Whoa, over a month since the last post. Yikes. Rest assured, I'm not lazin' away in the hammock. Okay, maybe a little bit. Here's the deal: Three features, two essays, three photo packages, daily photo requests, etc. Biz-E! The "E" is for enigma, as in, it's a mystery how I'm able to make a living doing this---but so far so good. Anyway, here's a fresh essay regarding the topic of work and balance (more like lack of) that's running right now in Northern Home & Cottage, a sister publication of Traverse Magazine. Now, back to work! For me at least...
I saw what was going to happen the moment the angular split of white birch launched from my hand, a chalky flap of bark following like a contrail. The birch bomb smacked the dog's speckled rump, exploding in an impossibly sharp "yiiipe" that pierced the stifling afternoon heat.
Gus, one of our emotionally fragile and frenetic border collie mutts, bolted from the woodshed and dove under the trailer where I was standing. I’d been moving the woodpile in a work-induced trance of pick-up-wood, toss-wood.

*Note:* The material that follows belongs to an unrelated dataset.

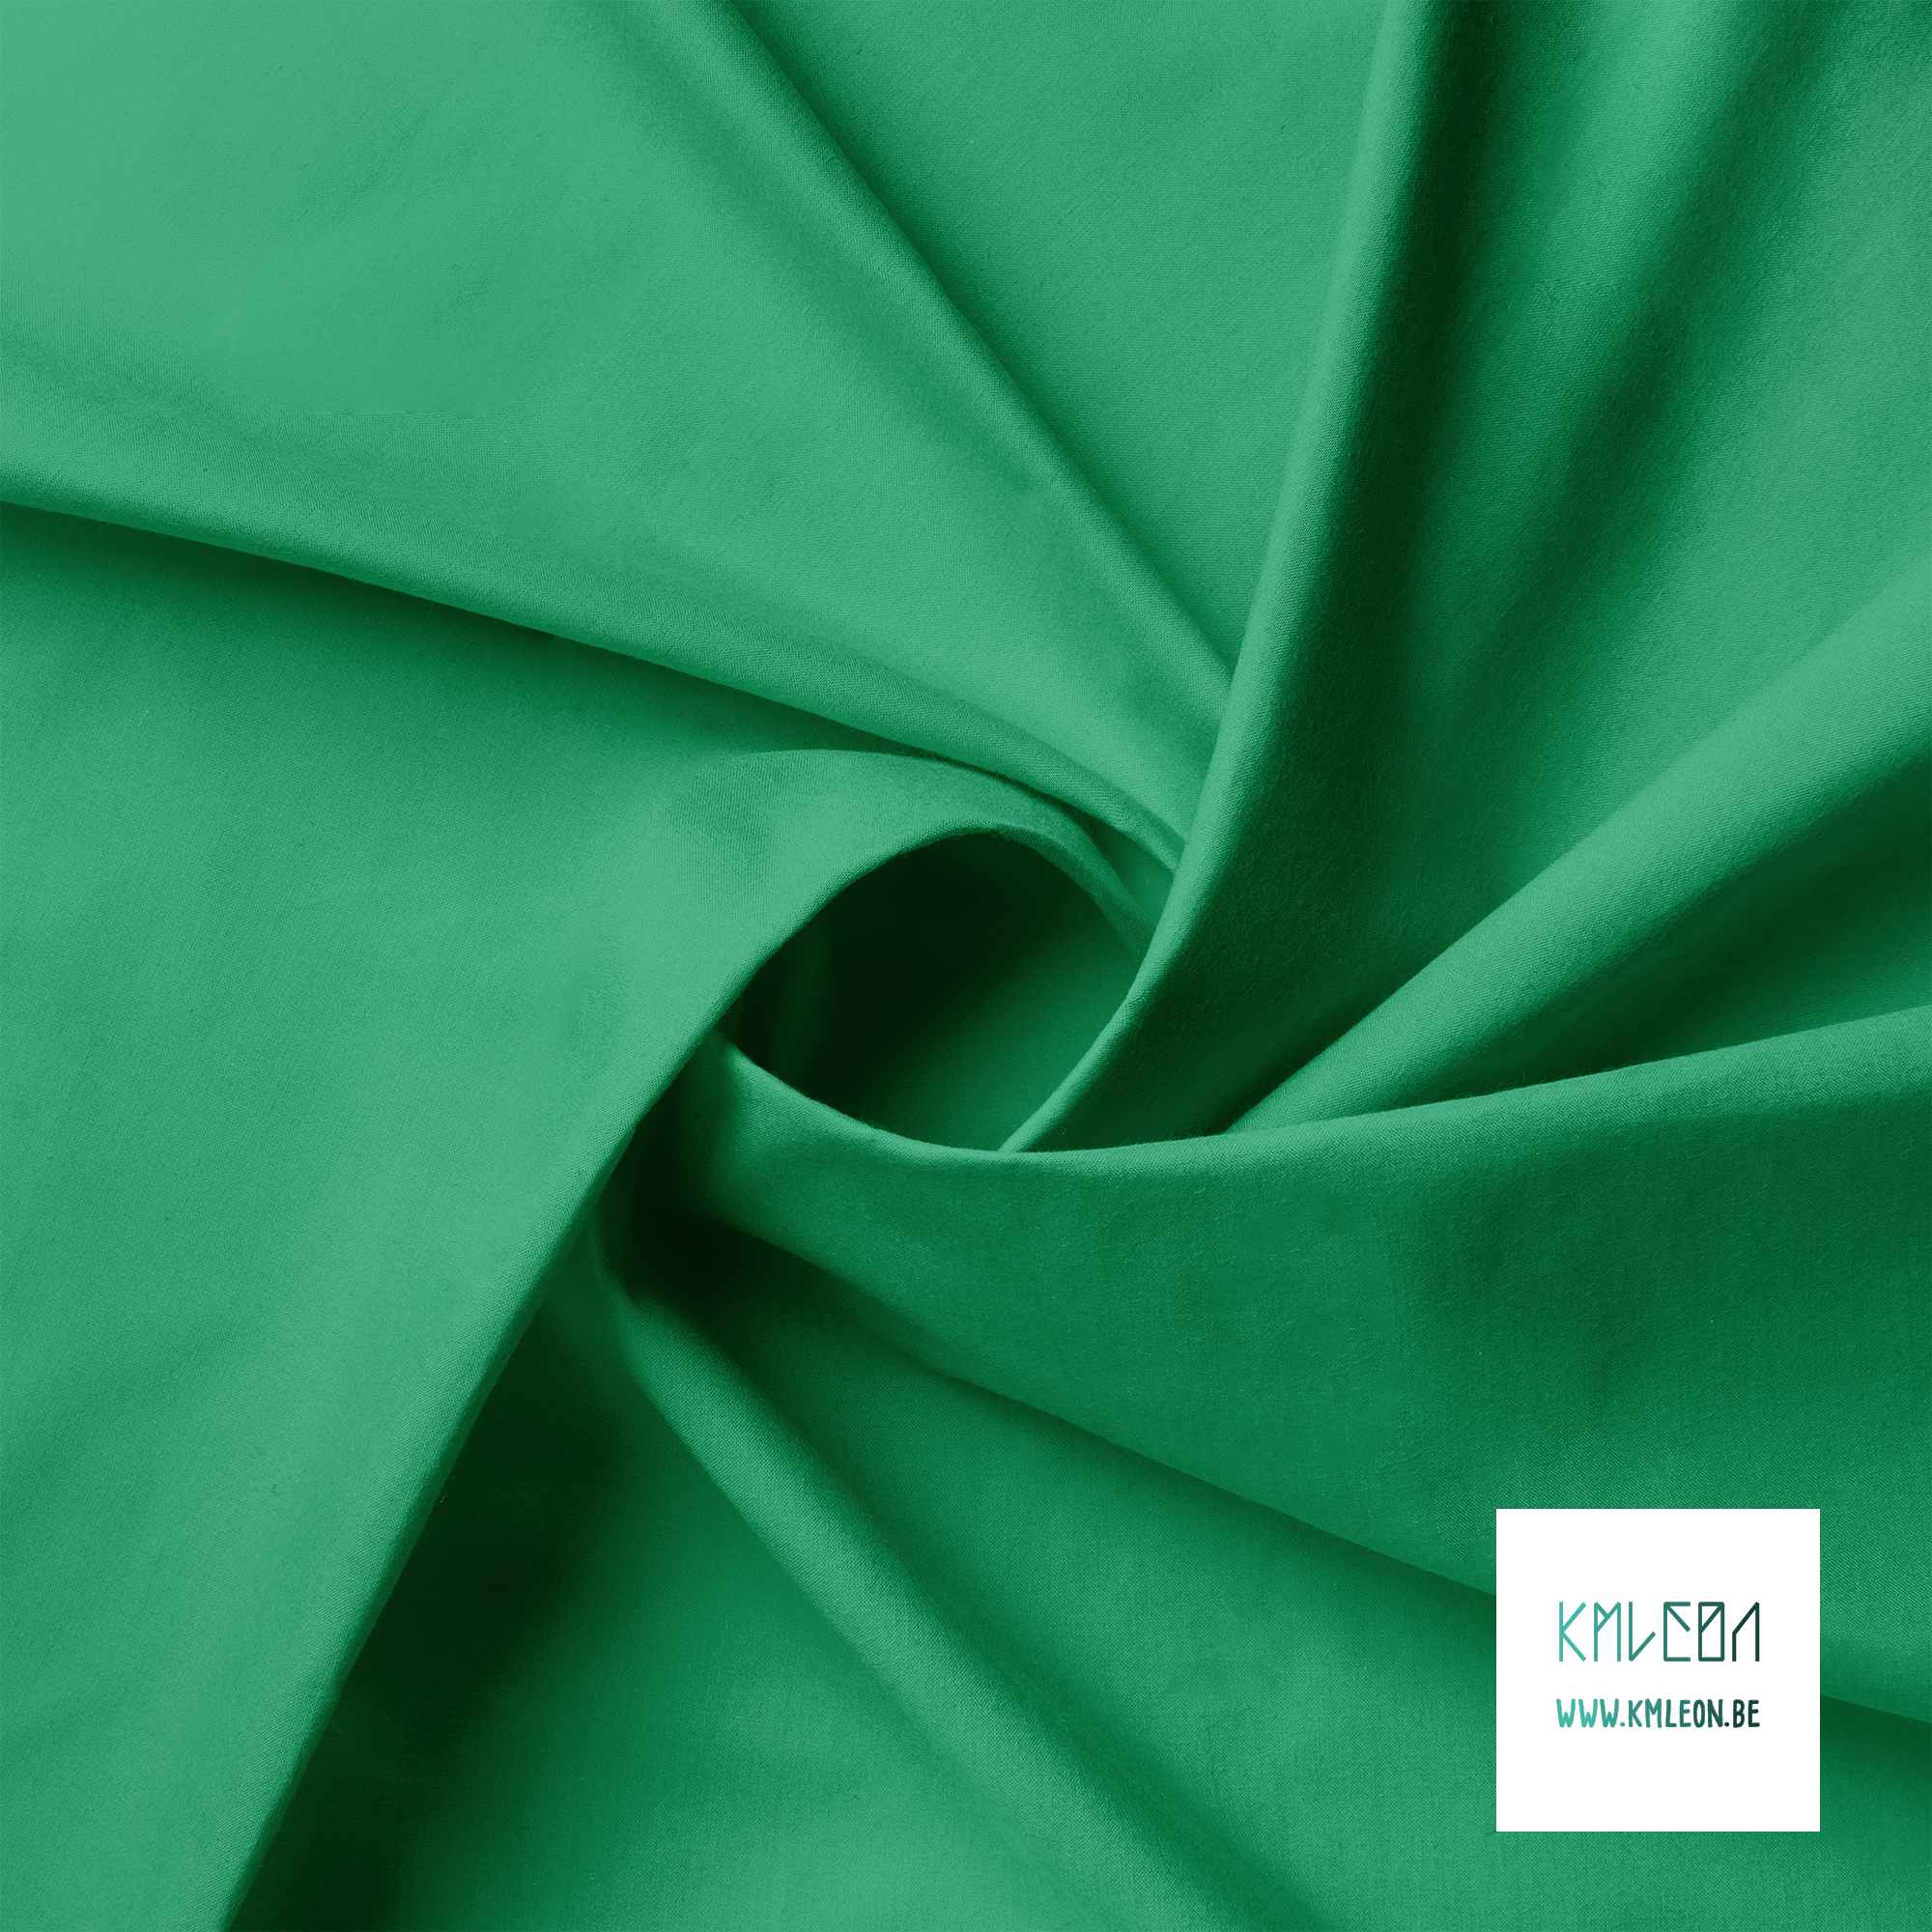 Solid jade green fabric

He’d been sneaking bits of bark to neurotically gnaw, and got caught in the friendly fire.
"What did you do to the dog," demanded my wife, Kristen, poking her head out from inside the shed where she'd been stacking the wood I was tossing.
Things hadn't been going well that day, and it apparently wasn't going to get better. Maybe it was the still air, thick as bathwater. Or maybe it was because from the moment we saw bare ground in late April, she and I had been raking, wrenching, digging and painting our old farmstead back into shape. Over winter we'd happily filled page after page of a legal pad with projects we fully believed would be accomplished this summer.
Here’s the thing: we like work. Or, perhaps it’s not that we like it, but we know it, understand it and draw animal comfort from it, like Gus gnawing piles of bark into splinters. A friend has diagnosed us with “pointy butt syndrome,” the inability to sit still. But everyone has their limits, and now in mid-July and only about ten items into our list, we could already taste murder in the back of our throats.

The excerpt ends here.